We picked up Grouper III and one of his buddies on the way to Media Day. The two of them were wearing Easton jerseys and didn’t shut the hell up in the back of my car the entire way to the stadium. Their excitement was contagious.

“They always that loud?” My eyes slanted toward Grouper.

He nodded. “The Good Lord made old people go deaf for a reason.”

Even arriving at Media Day four hours before the start, the place was mobbed. More than two thousand members of the media from all over the world and four thousand fans were expected to attend the day’s event, which was the unofficial kickoff to the Super Bowl next week. If today turned out to be anything like previous years, the crowd on the field would resemble more of a circus than a news event. Crazy fans dressed as superheroes, women with painted bodies, and questions that were often off the wall.

The league had set up extra security and a valet, with a roped-off parking area for each team. I navigated the signs to the Steel entrance. “Once we get inside, keep a close watch on those two. The fans can get pretty rowdy.”

Grouper smiled. “Such a big softie under all that hard ass. Do your teammates know what a wussy you really are?”

“Bite me, Flounder.”

The valet sped off with my car, hitting the gas with a lead foot, and the four of us walked to the entrance through wooden police barricades. Both sides were lined with fans who had probably camped out all night. I hoisted Grouper the third onto my shoulders and walked to the crowd lined up three deep to sign autographs.

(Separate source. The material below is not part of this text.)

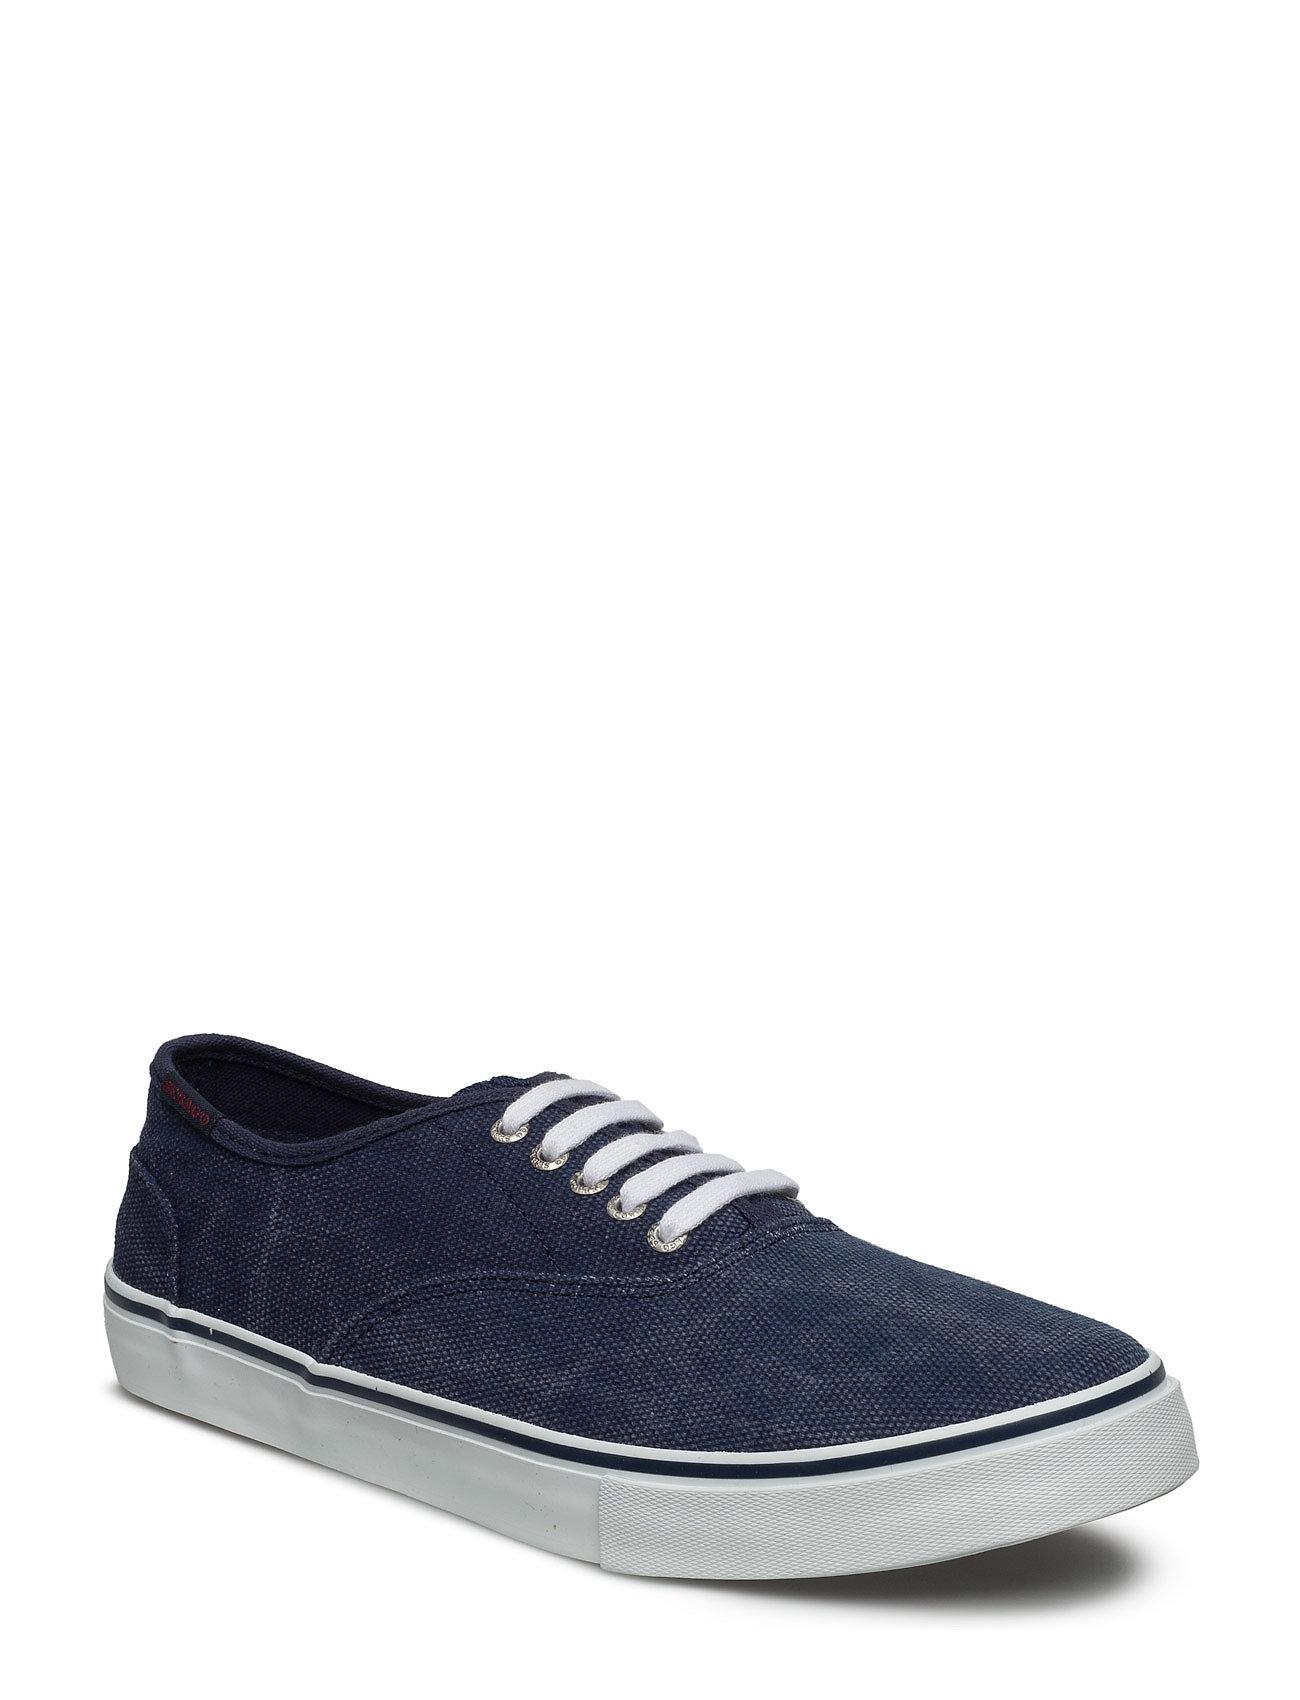 Nolan Lace Up Sebago Sneakers til Herrer i Navy blå

A kid about fourteen or fifteen had half his body leaning over the wooden barricade. I took his first, scribbling my name, then held the pad and pen up to my passenger. “You want both our autographs, right?”

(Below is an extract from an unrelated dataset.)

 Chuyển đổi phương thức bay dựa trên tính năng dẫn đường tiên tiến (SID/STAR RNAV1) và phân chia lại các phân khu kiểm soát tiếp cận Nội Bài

The kid nodded, even though he had no idea who the boy on my shoulders was.

“You sign too, little fish.”

“I don’t know how to write my name in script.”

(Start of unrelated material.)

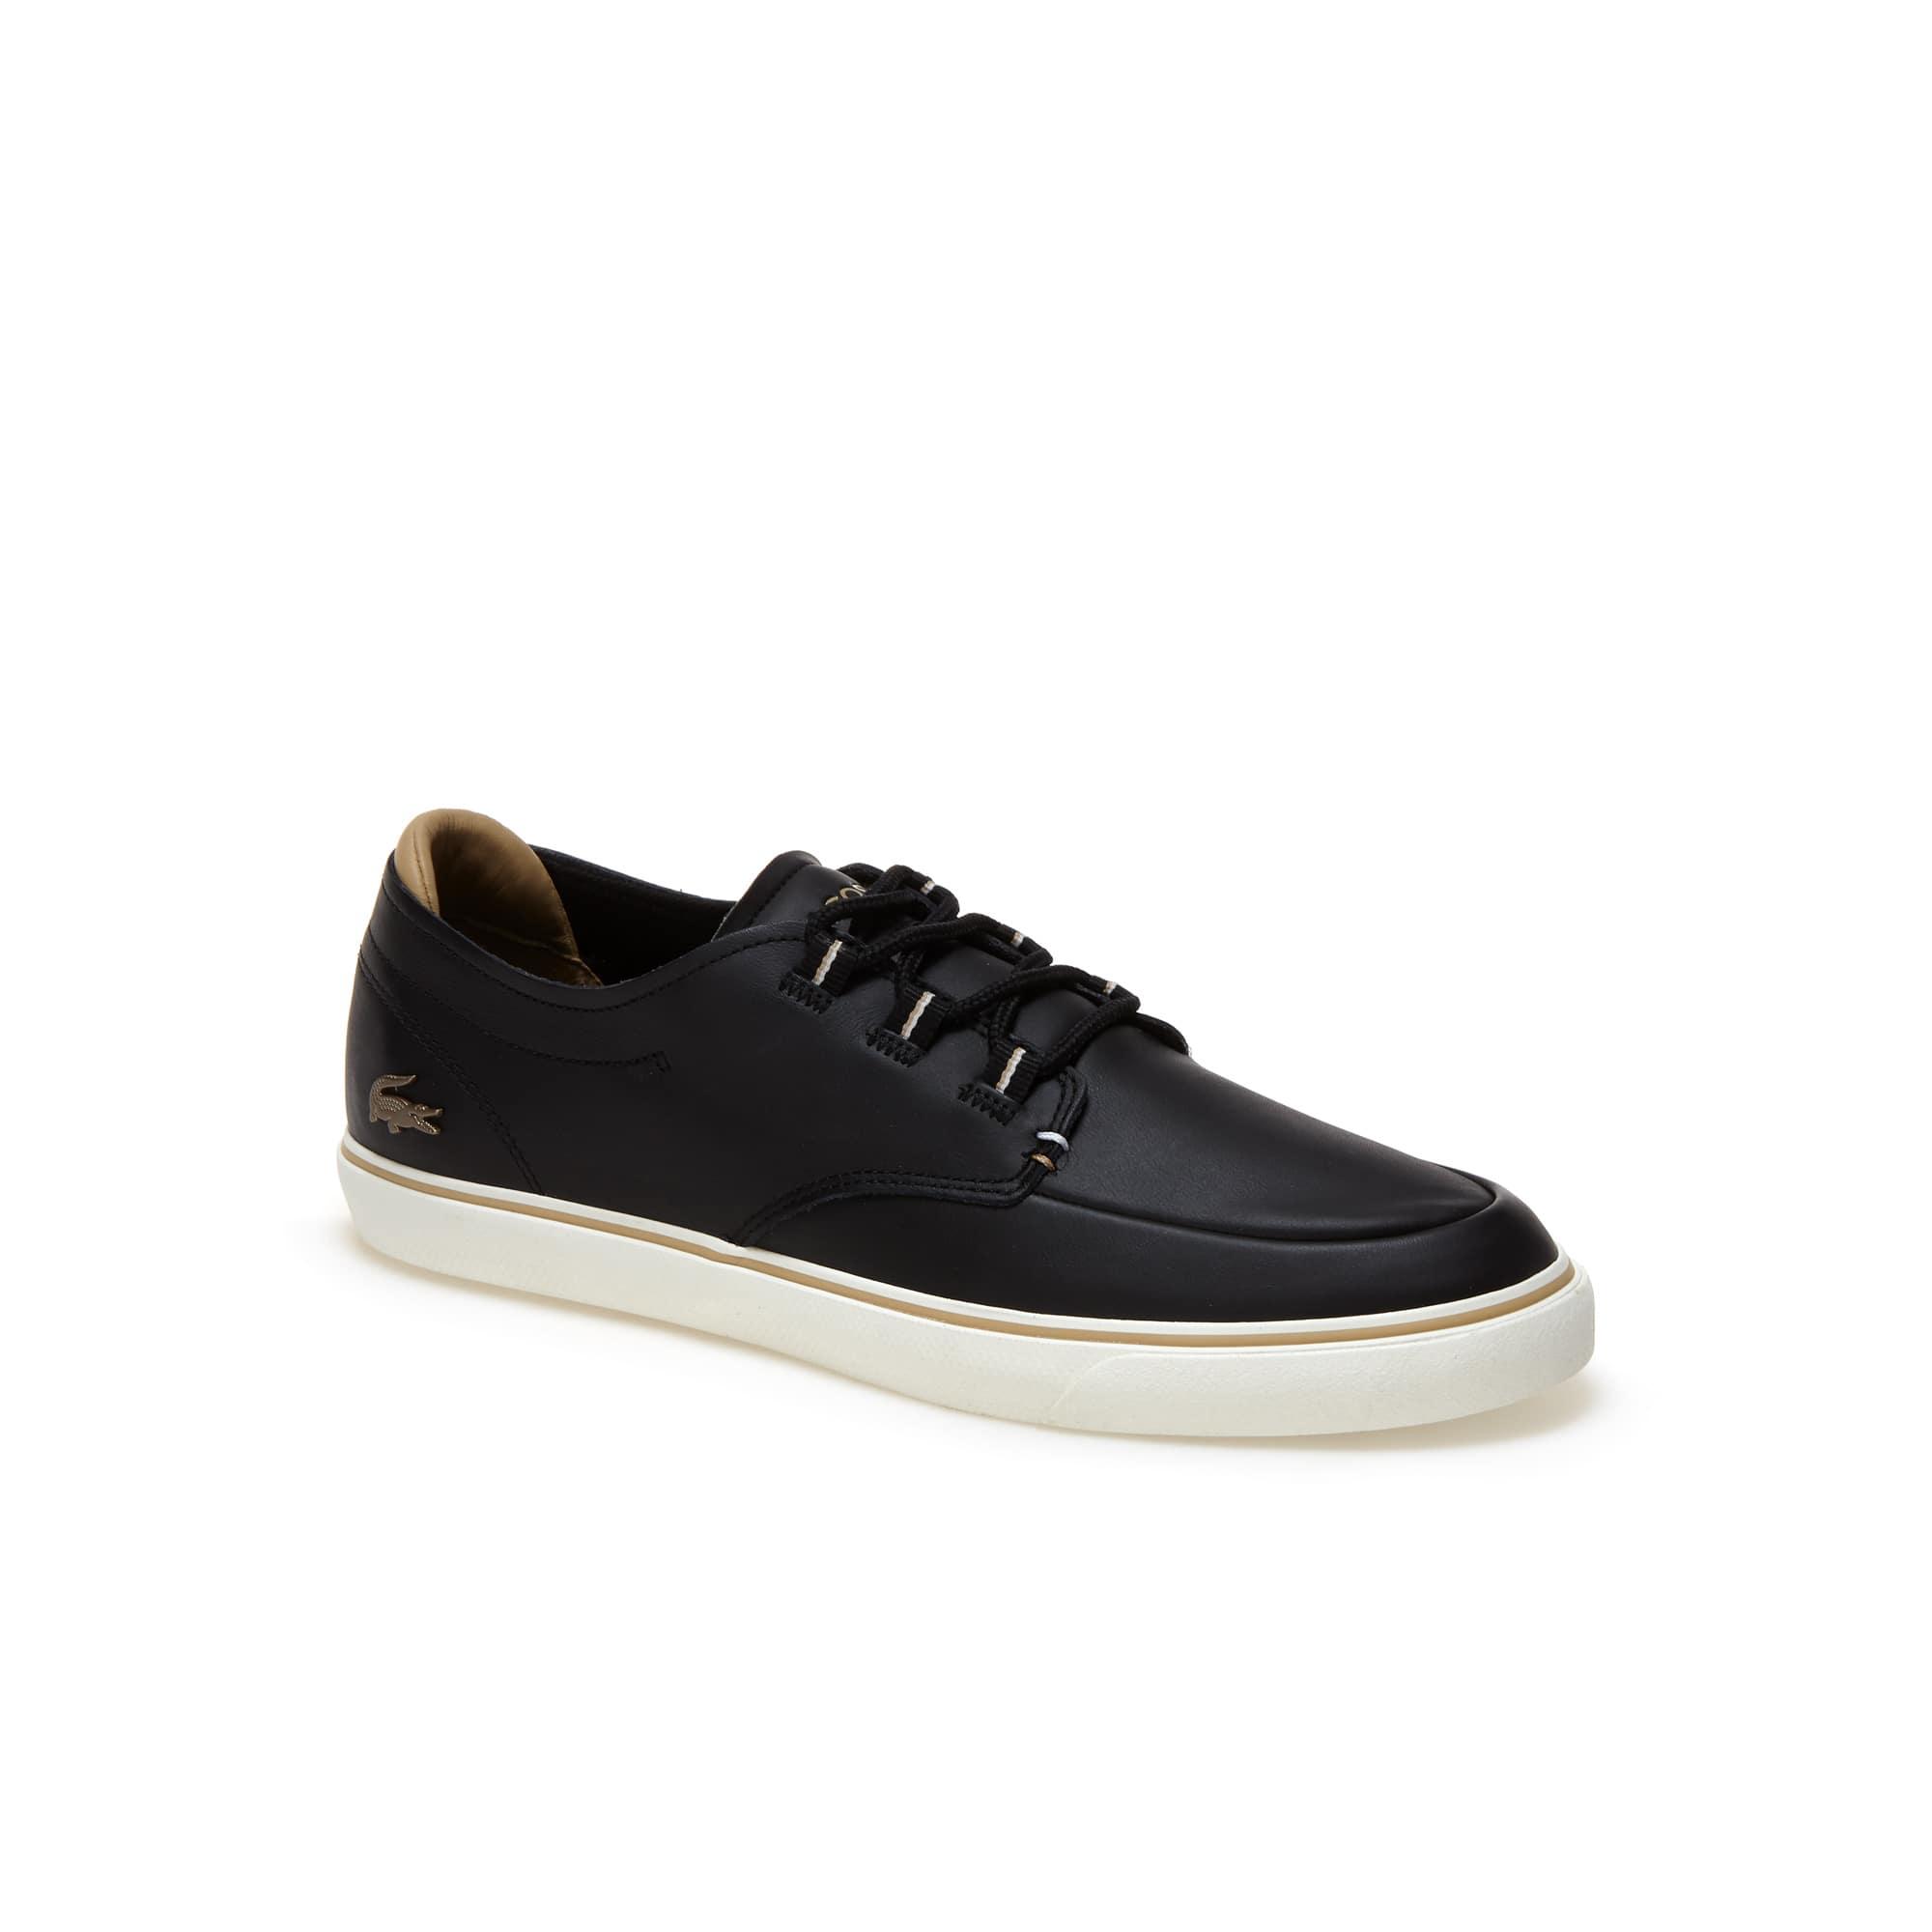 Herren-Sneakers ESPARRE DECK aus Leder

“Just fake it. That’s what I do. Scribble a lot.”

Guppy balanced the pad on top of my head and did as I told him. The crowd got a kick out of it. We signed for fifteen minutes and then went inside before I got fined for being late to the pre-event team meeting.

I handed Grouper and the guppies VIP badges to wear around their necks and fan admission tickets. “Back here at six?”

“You got it, boss.”

“Boss? Now you’re talking.” I grinned at Grouper. “I like it.”

 

 

Fifteen minutes before the event was to start, I stood alone in a luxury box high above the swarm of people on the arena floor. I looked out through the glass window and sipped from my water bottle. Both sides of the arena were lined with booths set up for each of the starting players to sit in. Microphones dangled from wires high above the ground, and I knew from experience that crowds of reporters would soon be yelling their questions and shoving even more microphones in our faces.

This week was the pinnacle of what every player worked for—making it to the Super Bowl. Yet I hadn’t felt like celebrating with the rest of the team after our meeting. Instead, I’d ducked into the first private area I could find so that I could take a few minutes to look for her. It had been ten long days since I’d seen her face, and I would take whatever glimpse I could get. Now I knew what a fan felt like stalking a player.

Part of me was still pissed at her for saying she didn’t love me. But a bigger part of me didn’t believe it was true. Her eyes had said something different than her lying lips. After my anger had subsided, I’d replayed the last few months over and over in my head. A wounded chick playing a mix tape that her ex made her before he dumped her had nothing on me. The only good thing was, every time I was exhausted at practice, I thought of that douchebag Langley with his hand on my girl’s back, and I suddenly had a fresh burst of energy. Angry energy, but it worked at my job.

Finding her in the crowd of thousands took less than a minute. I guzzled the last of my water bottle, following her with my eyes. She was wearing a black dress, a fitted red blazer, and had on high-heeled black leather boots that came up to meet the hem of her dress. Sexy as all fuck, while showing barely any skin.

Suddenly she stopped walking and looked up, scanning the arena as if searching for something. When her eyes found mine, even across half a stadium, it was all the sign I needed. This shit was not over. And I was going to find out once and for all why she was pretending it was.